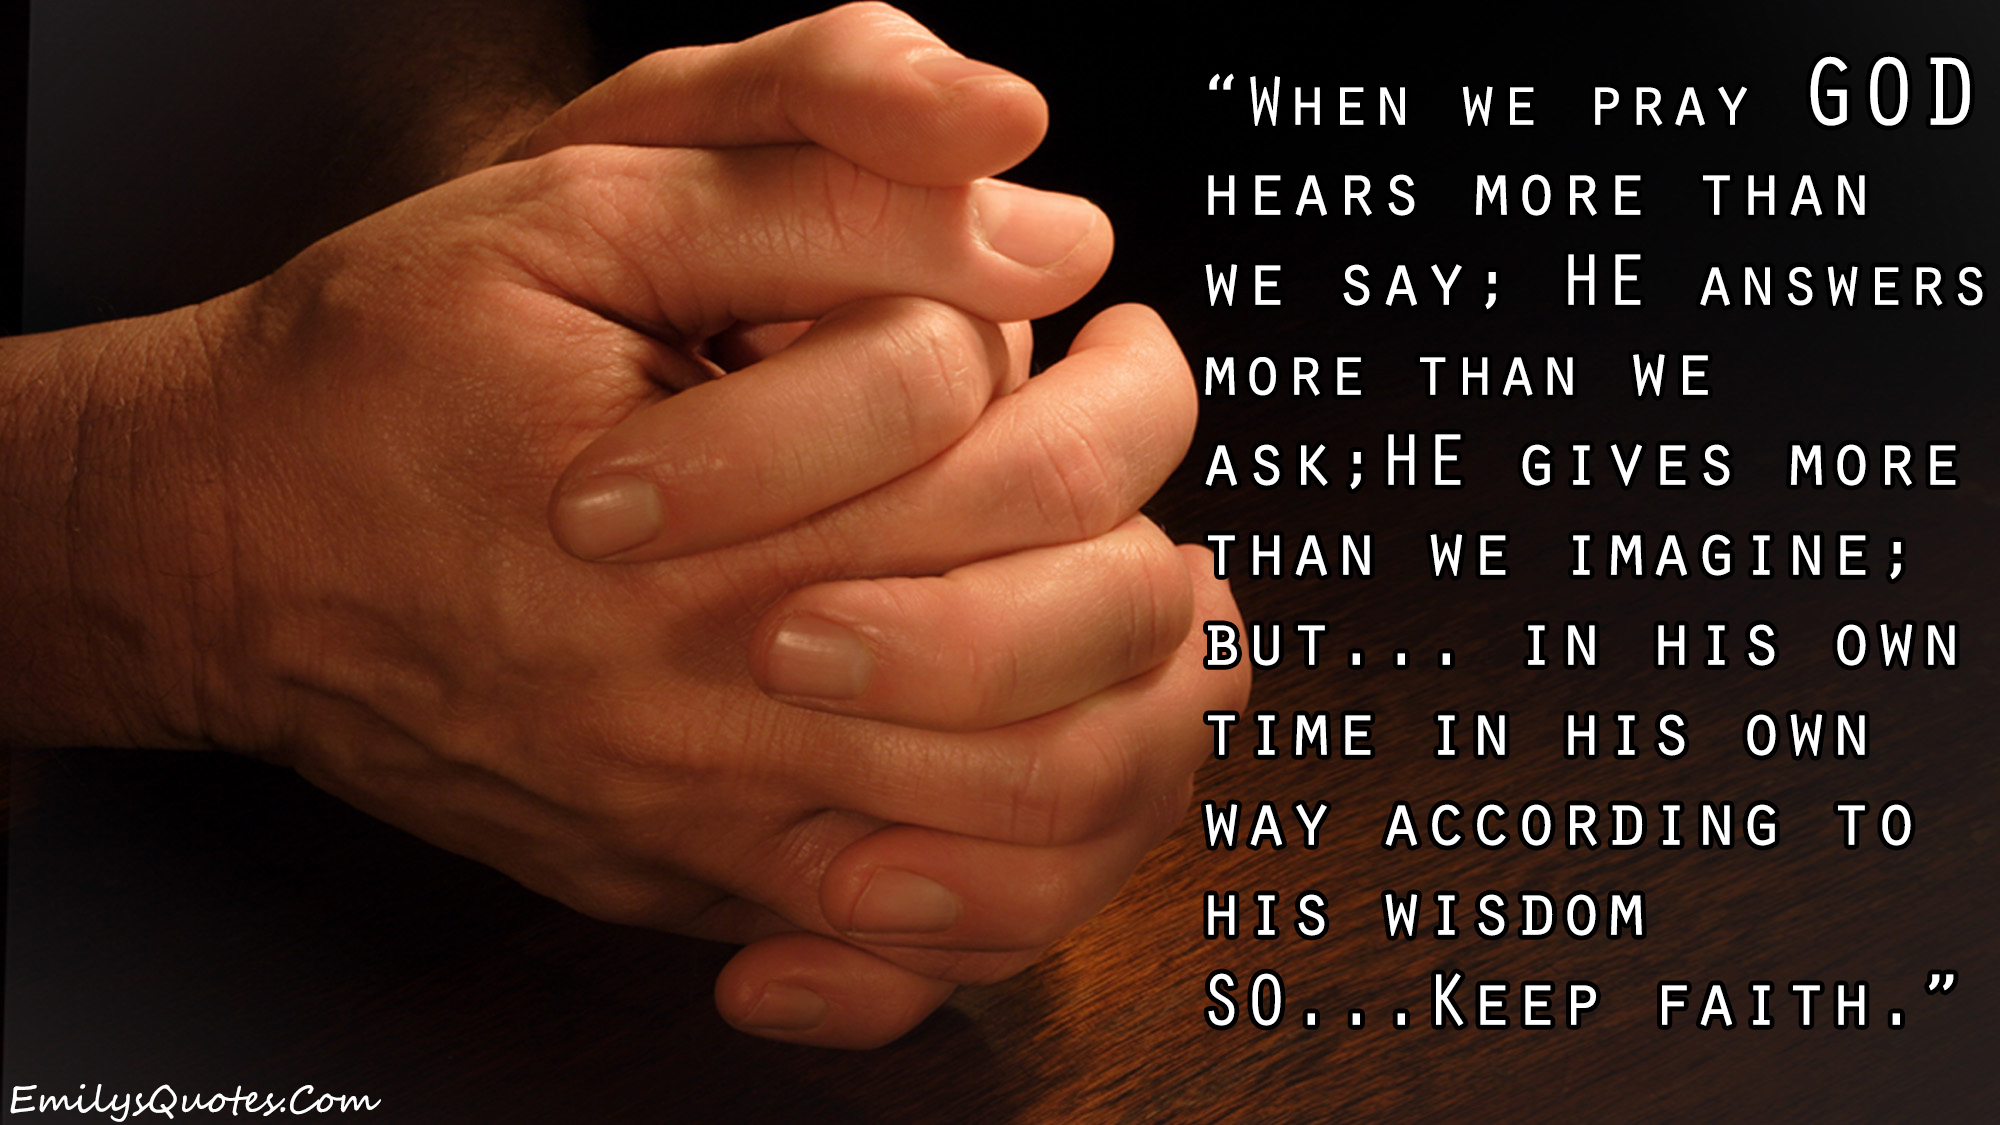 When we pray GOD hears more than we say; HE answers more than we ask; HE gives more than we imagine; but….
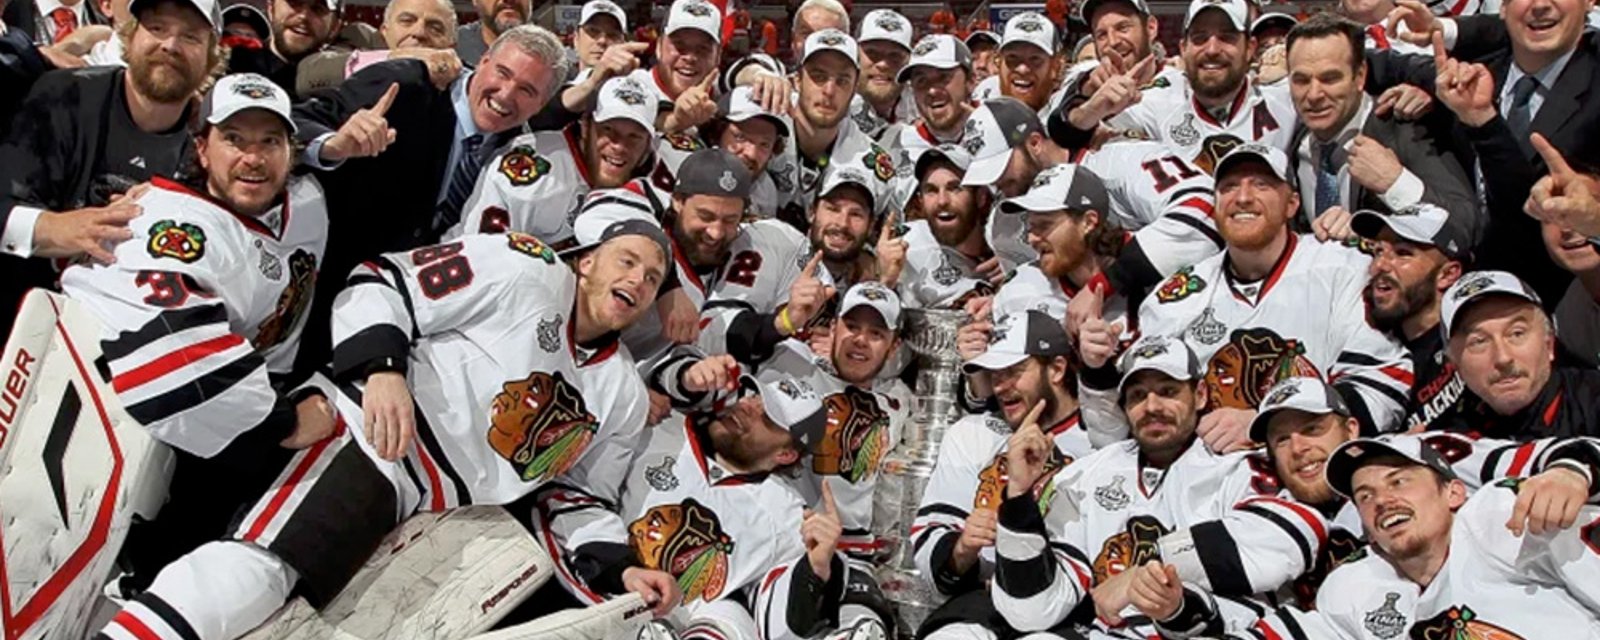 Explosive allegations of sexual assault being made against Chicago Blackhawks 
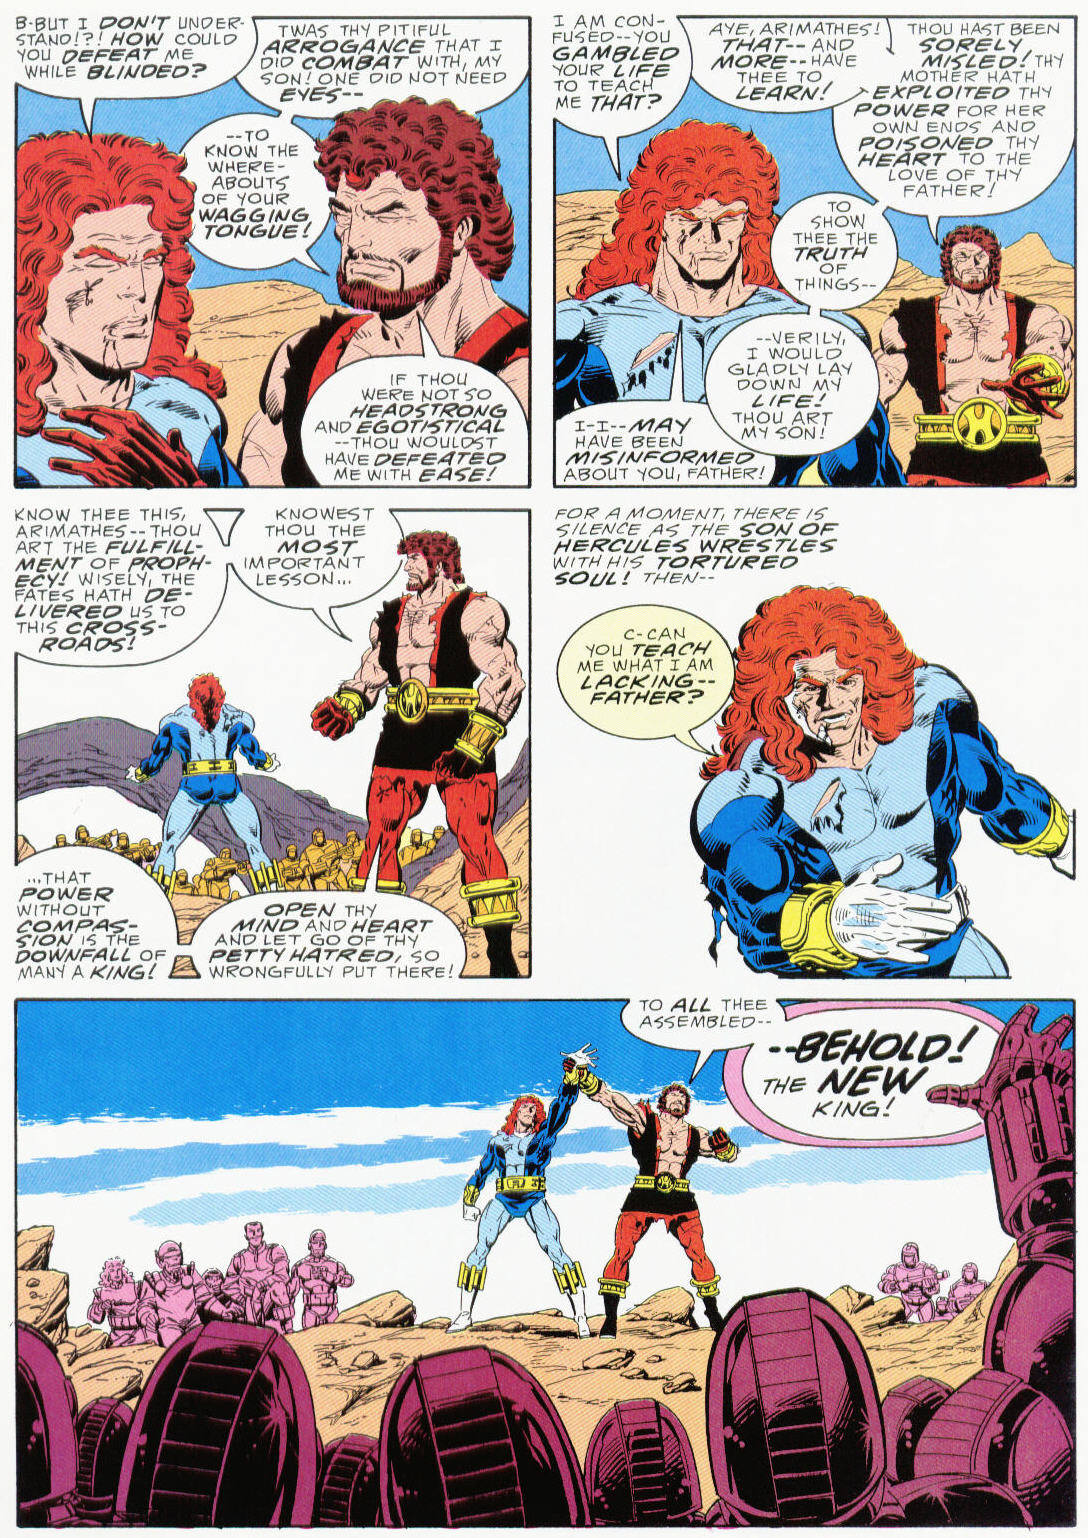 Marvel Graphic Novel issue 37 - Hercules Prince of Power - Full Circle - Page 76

▬▬▬▬▬▬▬▬▬▬

### HOW TO COMPLETE THIS TASK
Retype the line containing "Explosive allegations of" and all lines after it to the end of the material, exactly as written, leaving out any pictures.

### SOLVED EXERCISE
 Explosive allegations of sexual assault being made against Chicago Blackhawks 
 Marvel Graphic Novel issue 37 - Hercules Prince of Power - Full Circle - Page 76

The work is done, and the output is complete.